The polymer obtained by the method of the present invention is transparent and has excellent color tone, so it can be used to make a wide variety of molds such as sheets, films, injection molded products of various shapes, blow molded products, pressure molded products, and vacuum molded products. It can be used as a product. In particular, the polymer obtained by the method of the present invention is
Because it has excellent whitening resistance when immersed in hot water, it can be used effectively in humid environments and in applications that come into contact with water, such as food containers, food packaging materials, toys, medical supplies, etc.
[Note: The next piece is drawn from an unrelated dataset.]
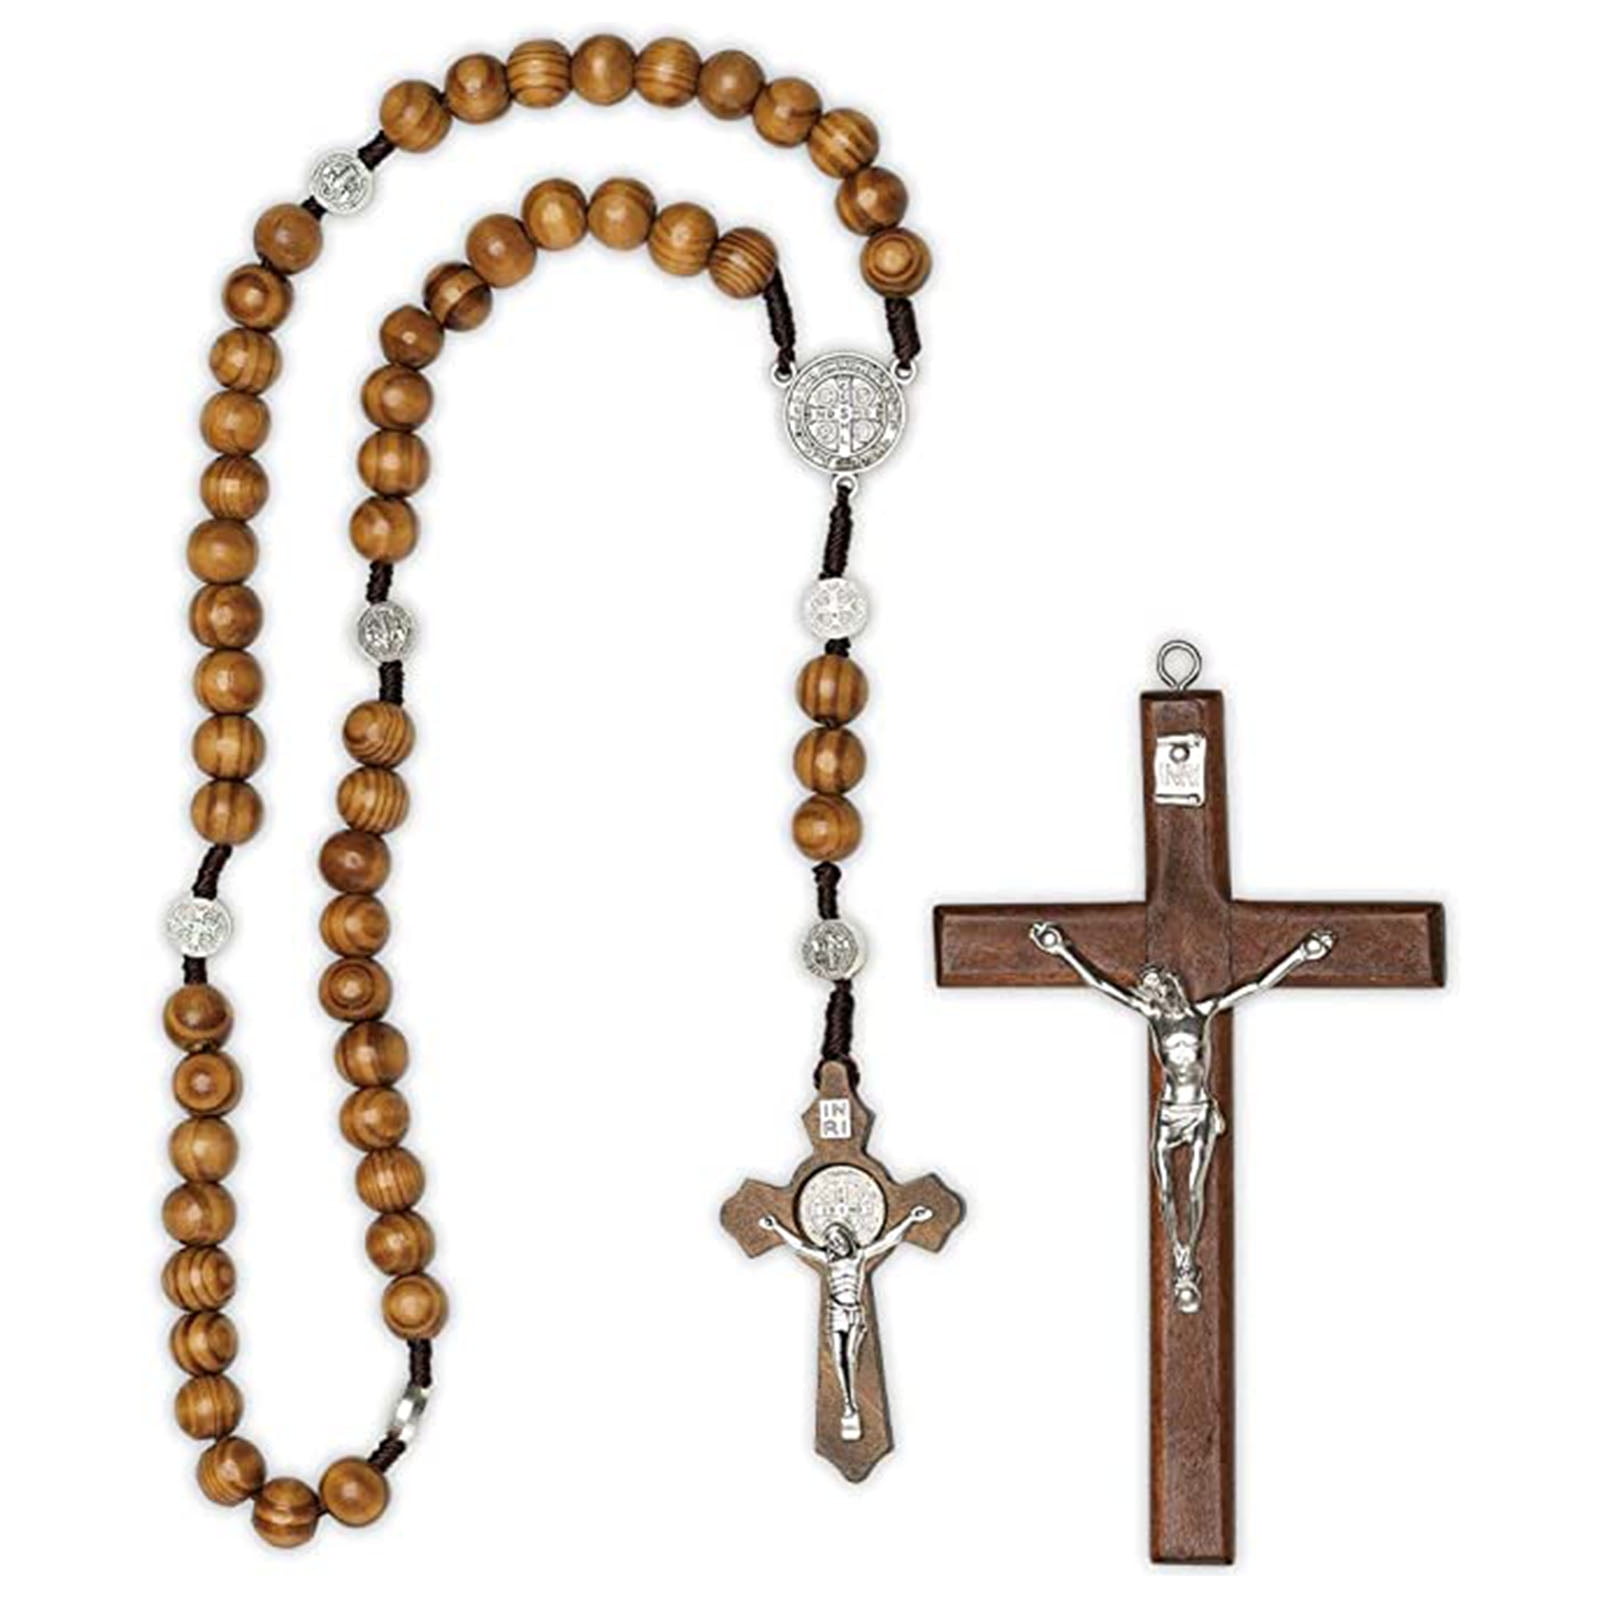 Amazon.com: Black Rosary 6mm Bead Chain With Jesus, Cross Coin Pendant  Religious Necklace Christ Jewelry: Clothing, Shoes & Jewelry

Furthermore, the method of the present invention can be applied to block copolymers of conjugated dienes and vinyl aromatic hydrocarbons, as well as conjugated diene polymers, vinyl aromatic hydrocarbon polymers, and random copolymers of conjugated dienes and vinyl aromatic hydrocarbons. It can also be used in polymers.

Claims (1)

[Scope of Claims] 1. A polymer solution obtained by polymerizing a conjugated diene and/or a vinyl aromatic hydrocarbon using an organolithium compound as an initiator in a hydrocarbon solvent in the substantial absence of water. As a terminator (i) For organolithium compounds using one or more organic acids as polymer initiators;
(ii) 0.005 to 5 parts by weight of one or more phenol compounds added to 100 parts by weight of the polymer;
A method for producing a polymer, which comprises subsequently adding a stabilizer to the polymer solution and removing the solvent.